• _WHAT YOU SHOULD DO_
A verbatim copy of the data is wanted, minus any picture in it.

• _DATASET SECTION_
++++

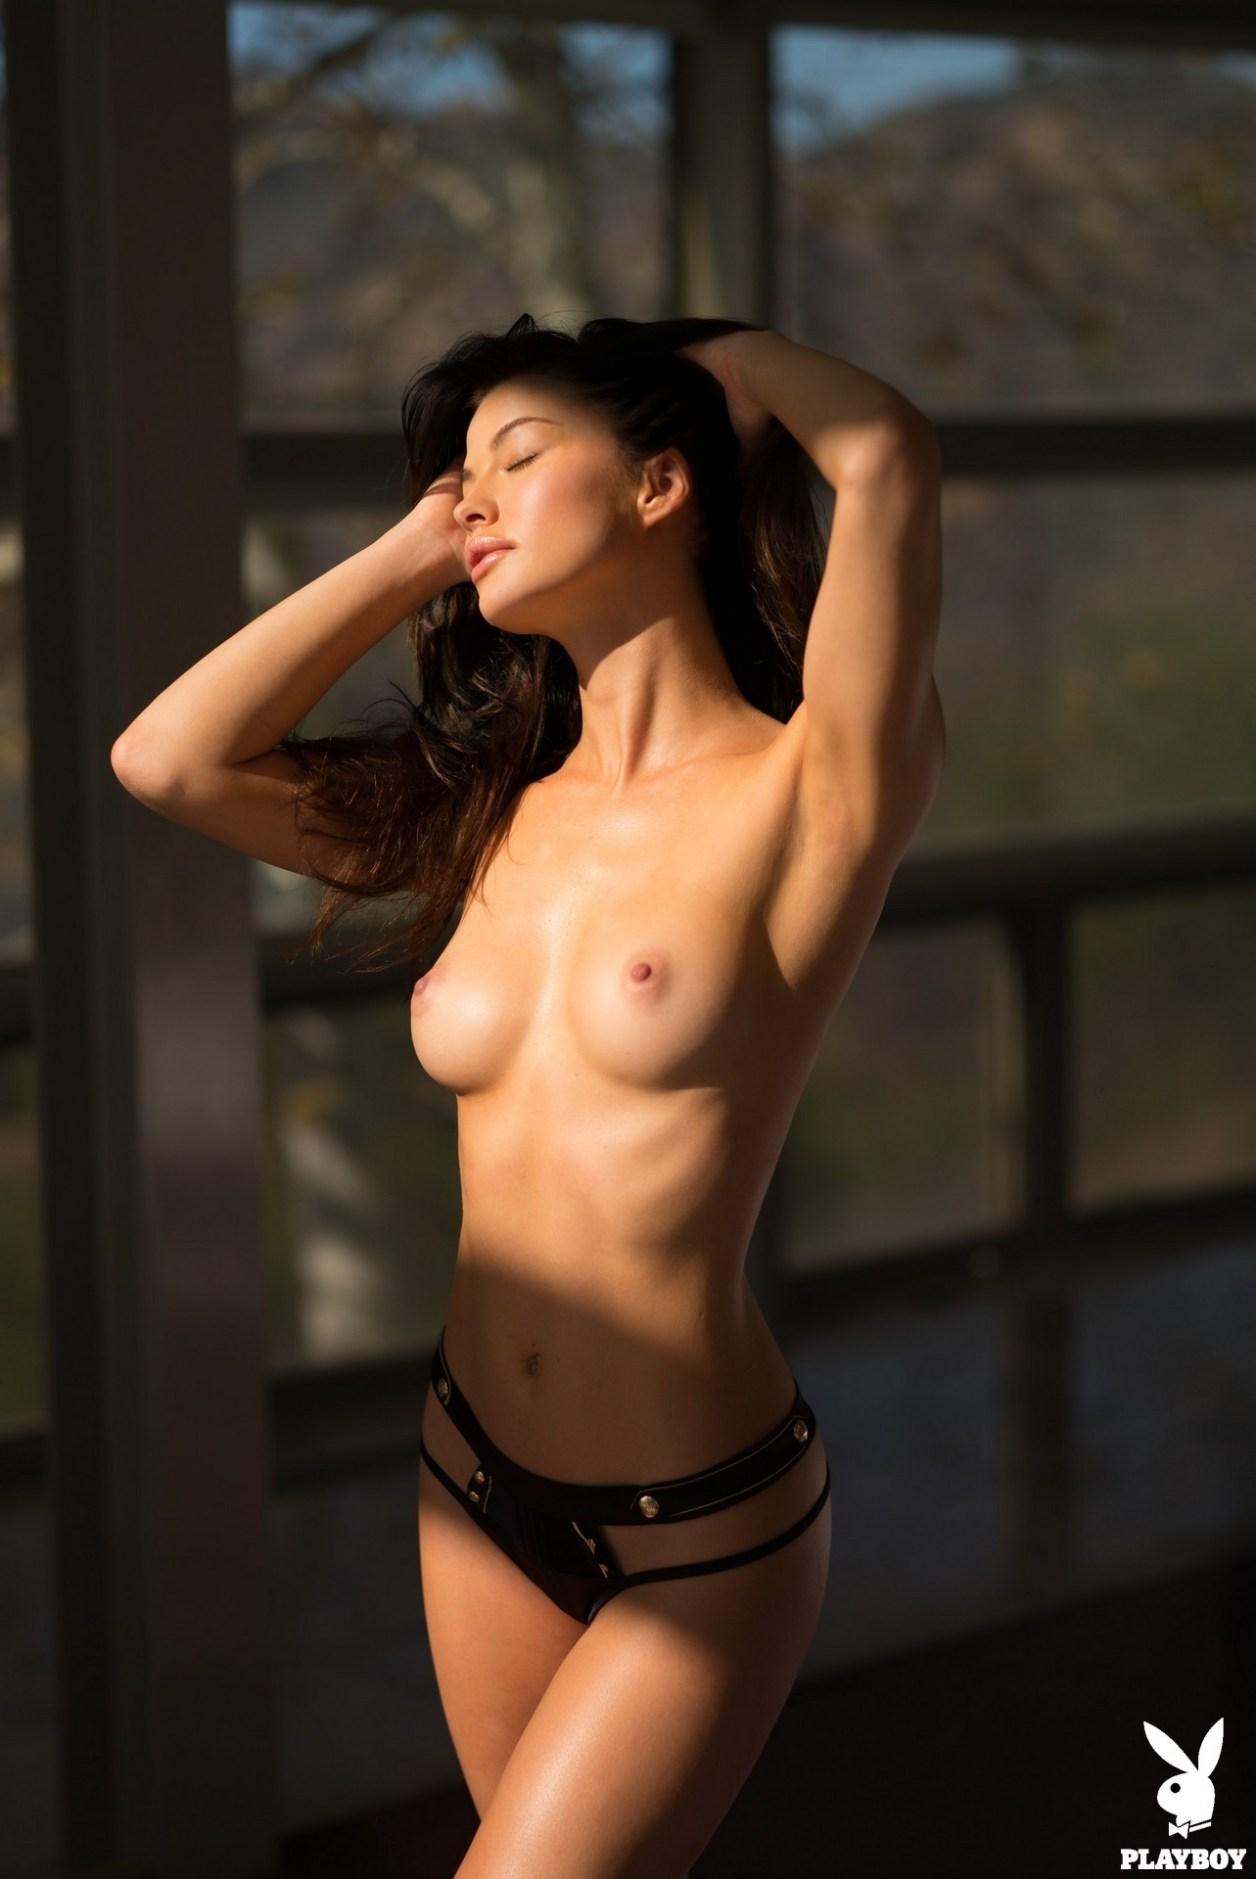 [Playboy plus] Jenny Watwood Playmate March 2018 JWatwoodpm-0004
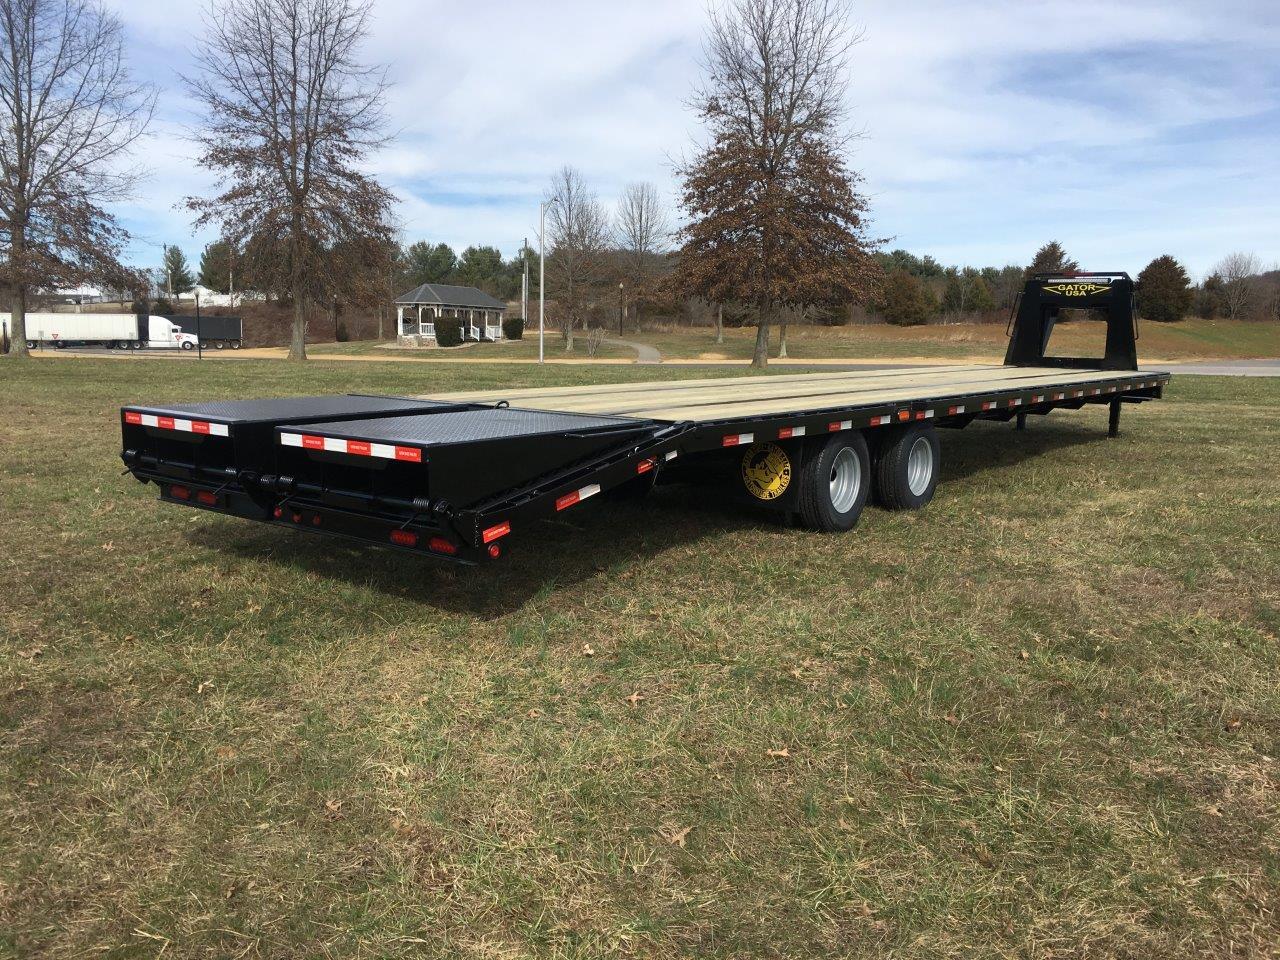 top hat trailer wiring diagram coil split 7 pin 18 wheeler end of a truck
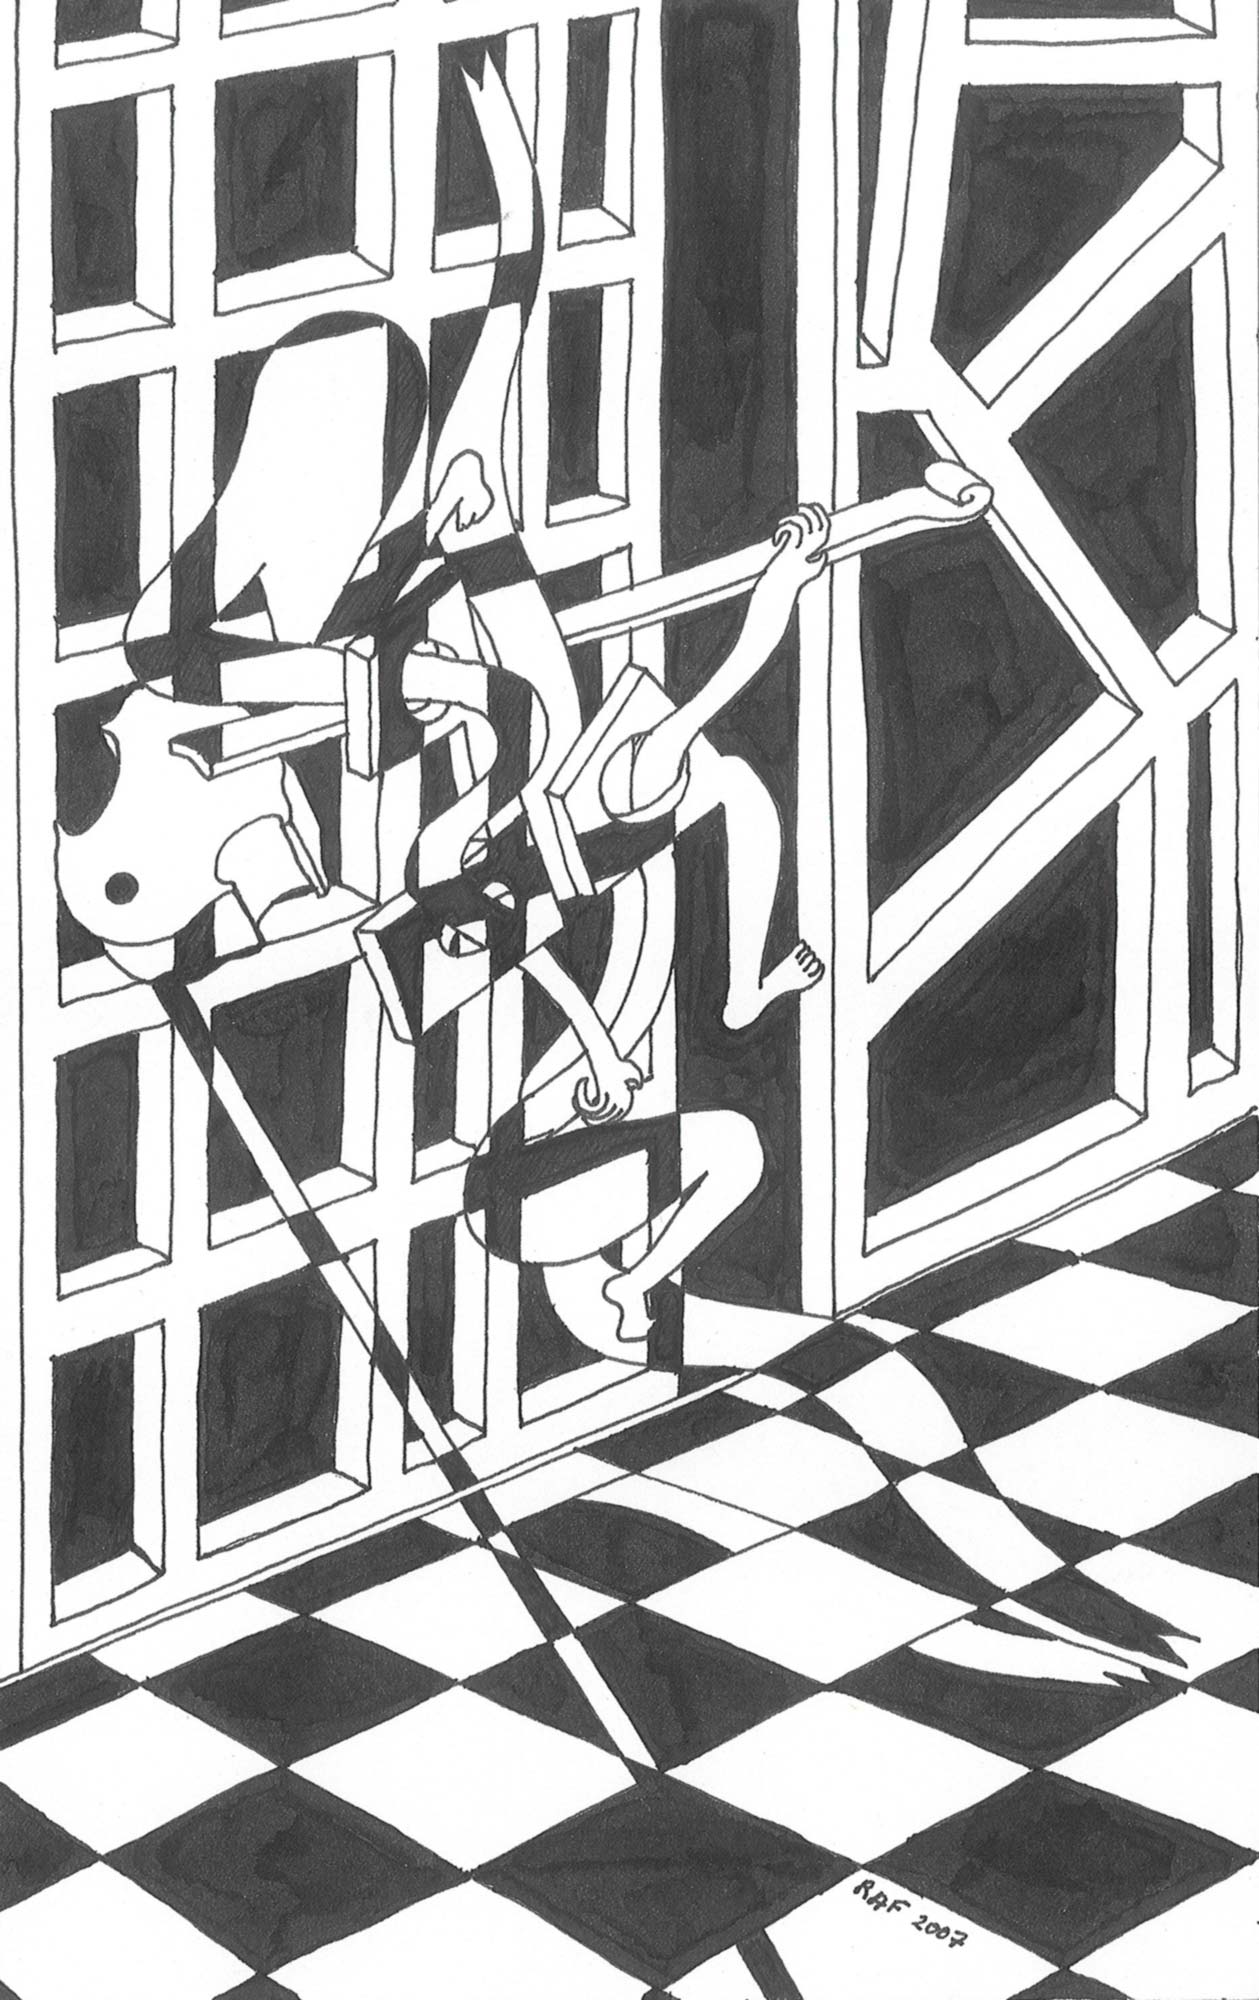 Le bal masque, dessin, Raf Listowski, 2007
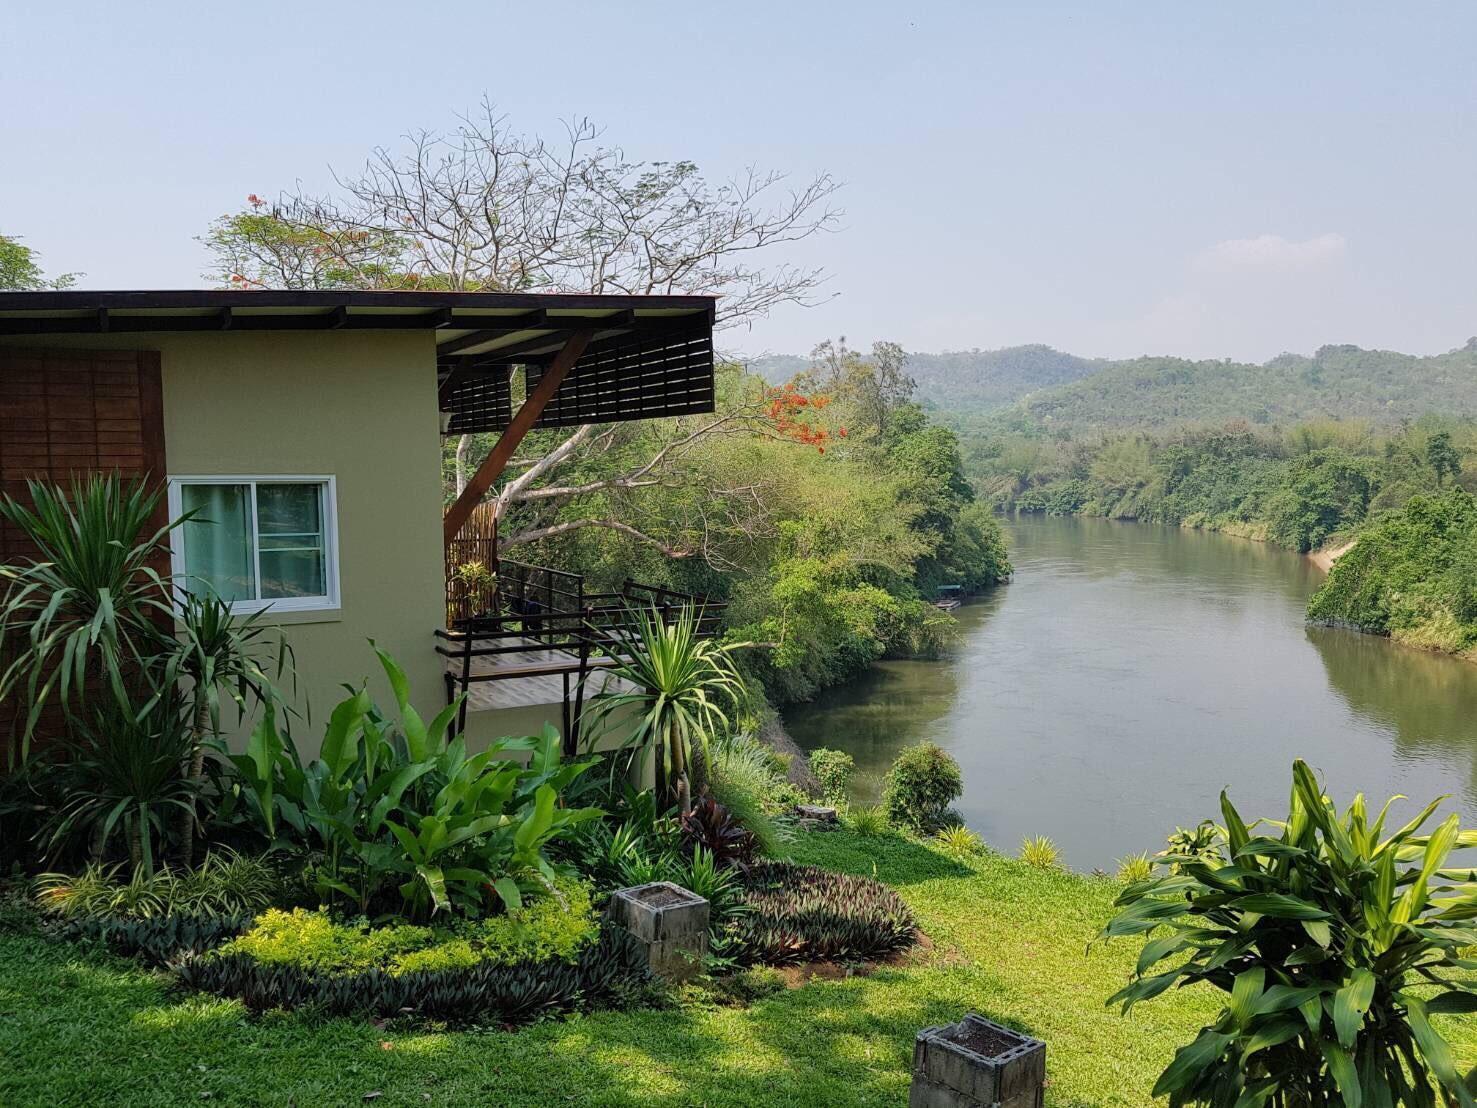 Kwai Noy River Park Resort แควน้อยริเวอร์พาร์ค รีสอร์ท

++++

• _ANSWER FOR THE TASK_
 [Playboy plus] Jenny Watwood Playmate March 2018 JWatwoodpm-0004
 top hat trailer wiring diagram coil split 7 pin 18 wheeler end of a truck
 Le bal masque, dessin, Raf Listowski, 2007
 Kwai Noy River Park Resort แควน้อยริเวอร์พาร์ค รีสอร์ท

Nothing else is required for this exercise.